Recentemente, a escritora Eliane Brum divulgou artigo de opinião em sua coluna no jornal El País, comentando as atuais circunstâncias da política nacional, especialmente os desmandos de Bolsonaro. O artigo tem por título “O nojo” e pode ser acessado aqui. Basicamente, a escritora desfia os motivos que tornam o governo de Bolsonaro abjeto, para terminar conclamando seus leitores à ação.
Apesar das naturais simpatias que libelos desse tipo provocam em leitores de esquerda, existem ao menos duas possíveis críticas sérias a serem feitas ao artigo de Eliane Brum. Primeiro, todos que discordem do chamado dela à ação seriam inescapavelmente omissos, indiferentes ou cúmplices do Bolsonaro, num tipo de argumentação que poderíamos classificar como “falácia por associação” (o famoso “argumentum ad hominem”). Nesses termos, a única forma de escapar da condição omissa, indiferente ou de cumplicidade é obedecer à escritora.

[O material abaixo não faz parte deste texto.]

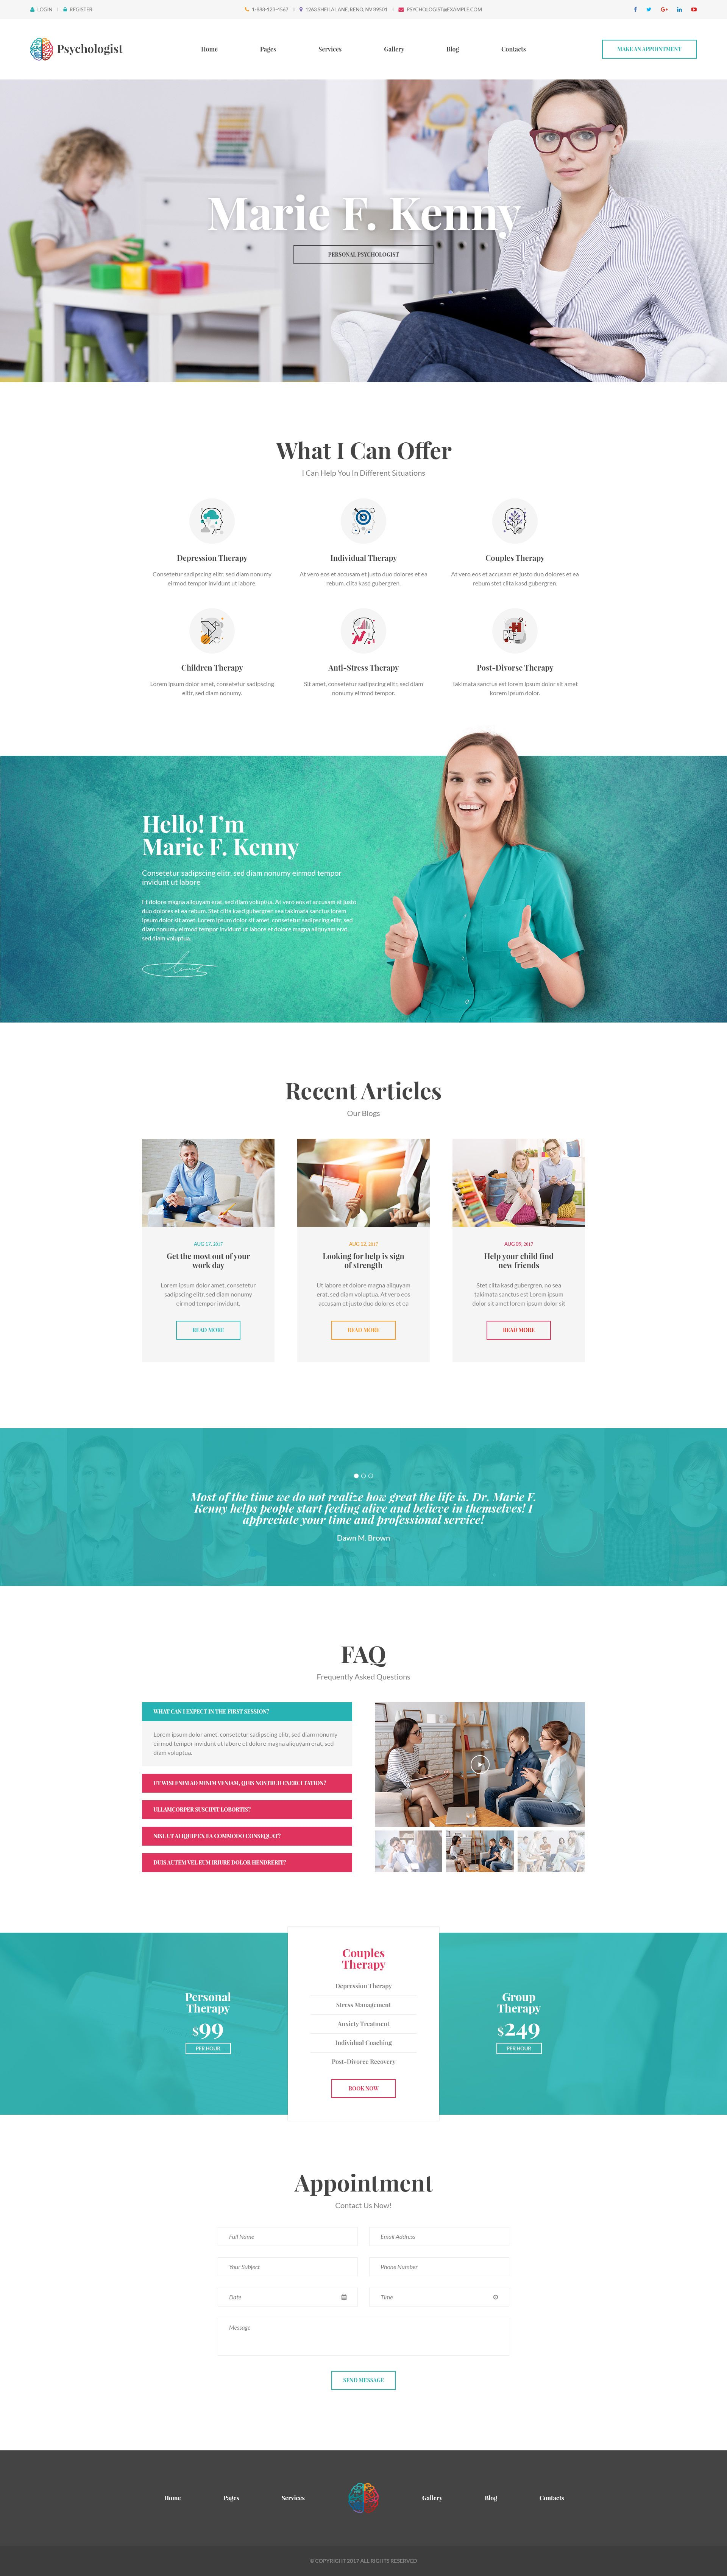 Pin By Mayursutariya93 On Ui Design Psd Templates Web Design Inspiration Website Template

Segundo, mais grave, o incitamento dela à ação, apesar de propor o uso dos “instrumentos da democracia” para tirar Bolsonaro do poder, na prática, corrompe os princípios do Estado de direito. Afinal, quais “instrumentos da democracia” seriam esses? Estão disponíveis? Podem ser utilizados dentro das normas constitucionais? Ela não diz. Ela fala apenas em “desobediência civil”, no que chamaríamos simplesmente de golpe, caso fosse tentado por grupos de direita.
Não há desobediência civil legítima diante do legítimo exercício do poder, seja do Chefe do Poder Executivo ou dos representantes do Poder Legislativo, por mais que os desaprovemos. Isto vale, portanto, para grupos de apoiadores e também de opositores. Para o bem e para o mal, democracia, o pior de todos os regimes, excetuando-se todos os outros, não é o equivalente da realização das nossas vontades. A julgar pelas influentes opiniões de Eliane Brum, 2016 não deixou muitas lições.